Navigating post-grad life can be defined by uncertainty and risk. Starting a new business can be as well. But three Cornell Tech graduates decided to do both simultaneously when they pursued their passion to found Grow, a startup focused on improving workplace culture.
Then graduate students at Cornell Tech, Ryan Sydnor MBA ’19, Christopher Caulfield M.S. ’19 and Richard Hill M.Eng. ’19 were united by what they felt was a “core problem” in team culture, according to Sydnor. They felt that companies often lacked “the right culture,” and that there was untapped “potential for [them] to continue learning and improving [their] performance.”
“When our performance improved, the team performance improved, and when the team improves, the whole organization improves,” Sydnor said.
After conducting research and industry analysis, the team found that they weren’t alone in experiencing this problem — a lack of team trust and feedback was widespread among companies and collaborators.
Built as a Slack app — an extension to the chat service that has become ubiquitous in many organizations — the service is intended to allow workers to exchange structured feedback in a more organized, effective way.
At the heart of the product’s core value proposition is the fact that “people often forget to give feedback,” according to Caulfield, who now serves as an advisor to the start-up. “They don’t have time for it in their day; it’s just not part of their routine.”
Through the app, team members can communicate both praise and potential for improvement, discussing performance metrics in anything from coding skills to public speaking.
One feature allows users to identify weekly goals, such as improvement in public speaking, and then shares their personal objectives with co-workers. Users can aim to receive a certain amount of feedback on that goal within the week, allowing people to feel more comfortable giving and receiving comments.
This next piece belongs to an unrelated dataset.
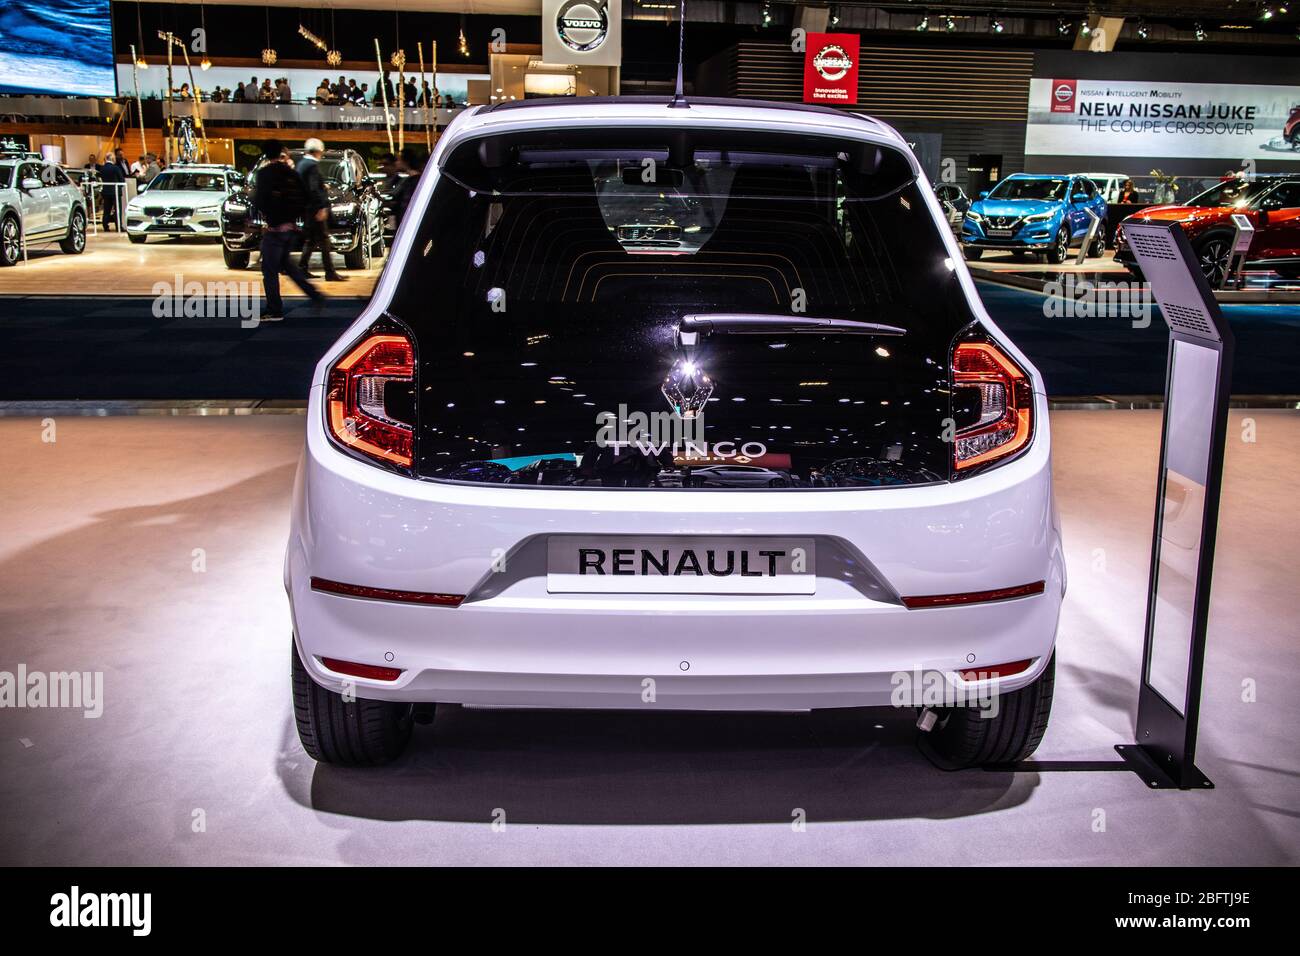 Brussels, Belgium, Jan 2020: Renault Twingo, Brussels Motor Show, third generation, MK3, rear-engine, rear-wheel-drive city car produced by Renault Stock Photo

After feedback is delivered, Grow provides its users with additional resources, such as blog posts or educational videos, to supplement conversation and facilitate opportunities for improvement. The startup is also working with leadership coaches to provide additional mentorship to users and plans to help connect people within organizations who, based on past performance, would be positive influences and useful resources for each other.
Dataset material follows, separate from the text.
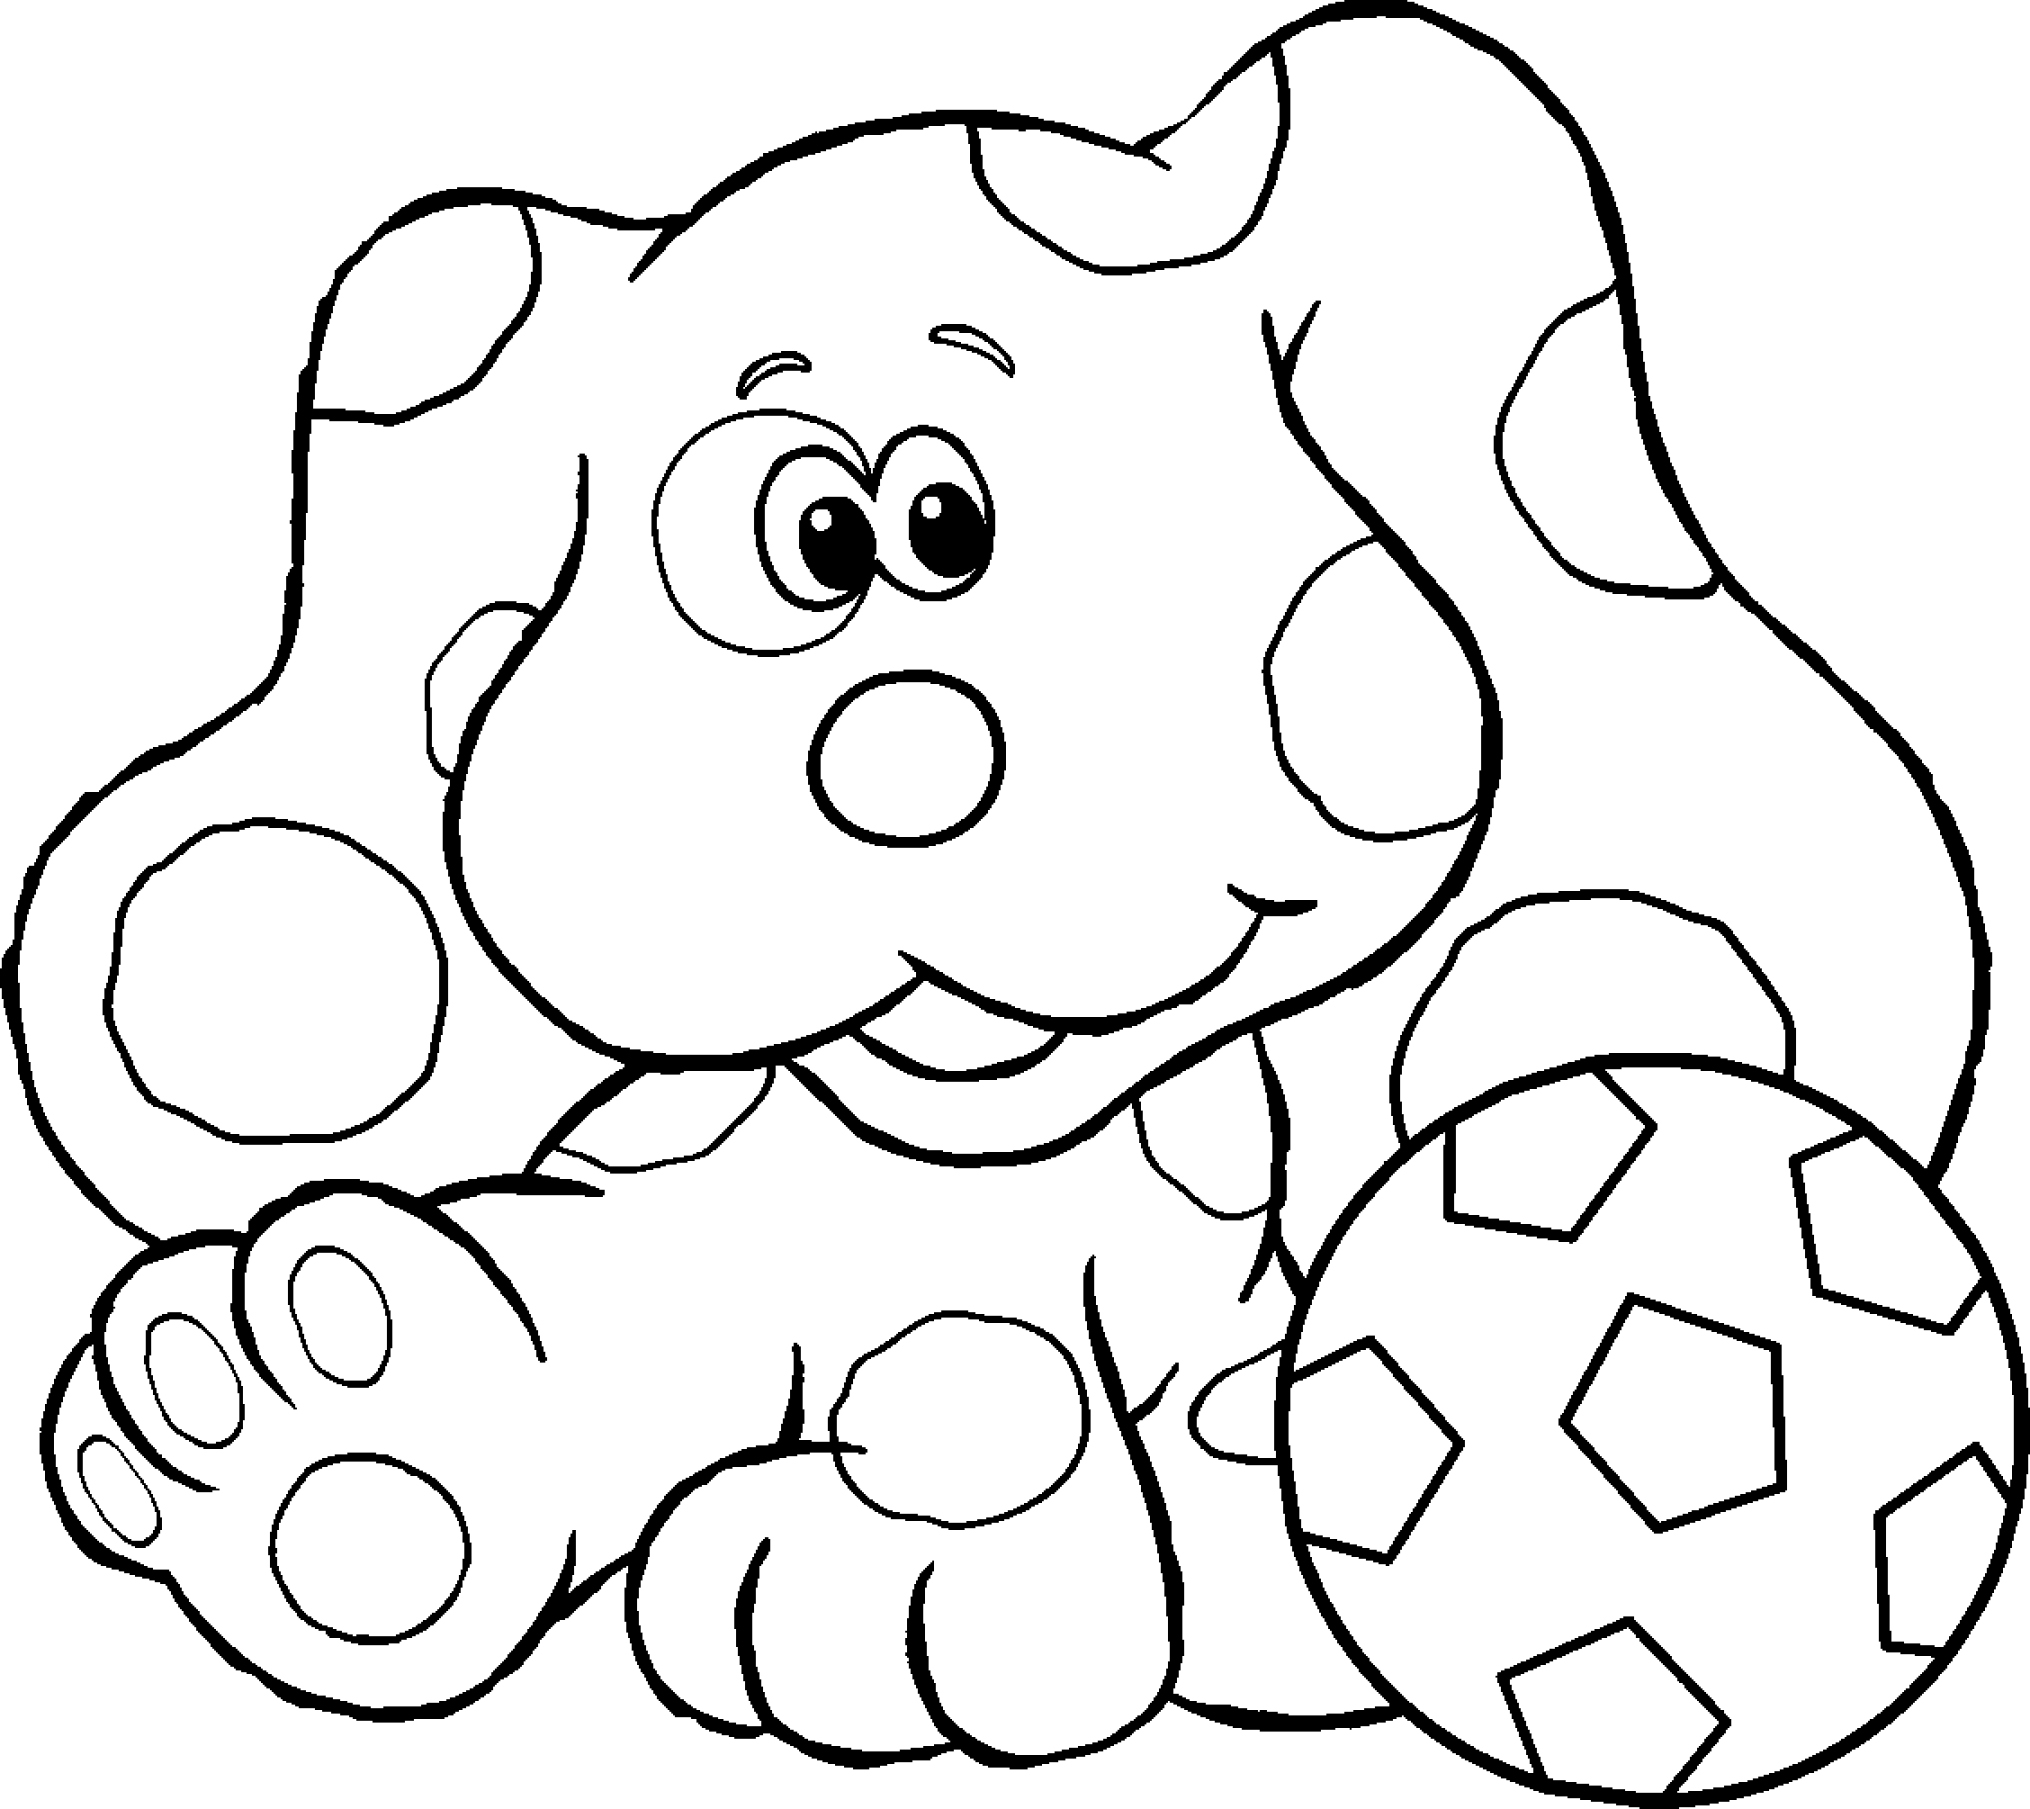 Blues Clues Paw Print Coloring Page ClipArt Best

While currently centered around Slack, Grow hopes to expand its platform and “meet people where they are,” Sydnor said. He calls this development “Grow in the Flow,” where Grow can integrate into the flow of work, whether it occurs on Slack or other communication platforms such as Facebook Workplace or Microsoft Teams.
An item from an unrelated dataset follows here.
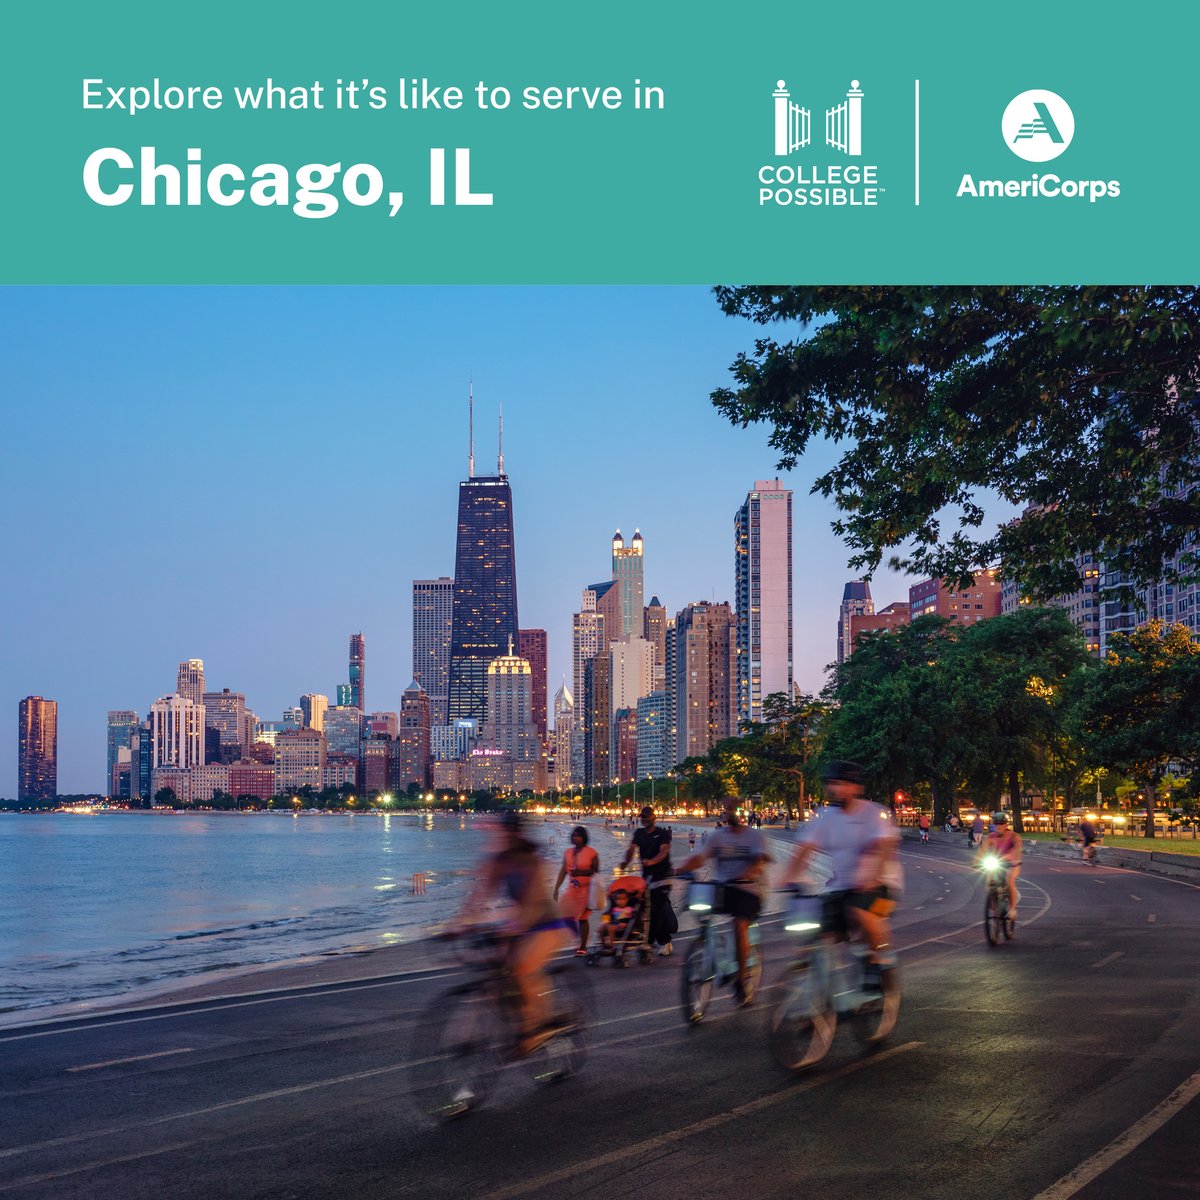 Considering @AmeriCorps service with @CollPossibleCHI? Check out how our coaches get to their service site, and enjoy their free time! From the scoop on which CTA line to take, to the Lakefront Trail, we cover it all in our Chicago site profile: bit.ly/3wWzxMU

So far, Grow is not yet profitable, though, according to its founders, it has been increasing its “revenue month over month through negative churn, in addition to onboarding new businesses around the world,” Sydnor explained. In just a few months, the team has expanded to include an engineer, a part-time designer and a few interns.
Since coming together, Grow has won the Concept Stage Award at the New York Business Plan Competition and has won pre-seed funding through the 2019 Cornell Tech Startup Awards. It currently engages with teams across over 60 countries, with over 100,000 people using its platform, and continues searching for opportunities to expand its customer base.
“In the same way that you know it’s good for you to go to the gym, or you know it’s good for you to floss your teeth,” Sydnor said, it’s beneficial for people to give and receive feedback in order to improve and build trust within their workplace.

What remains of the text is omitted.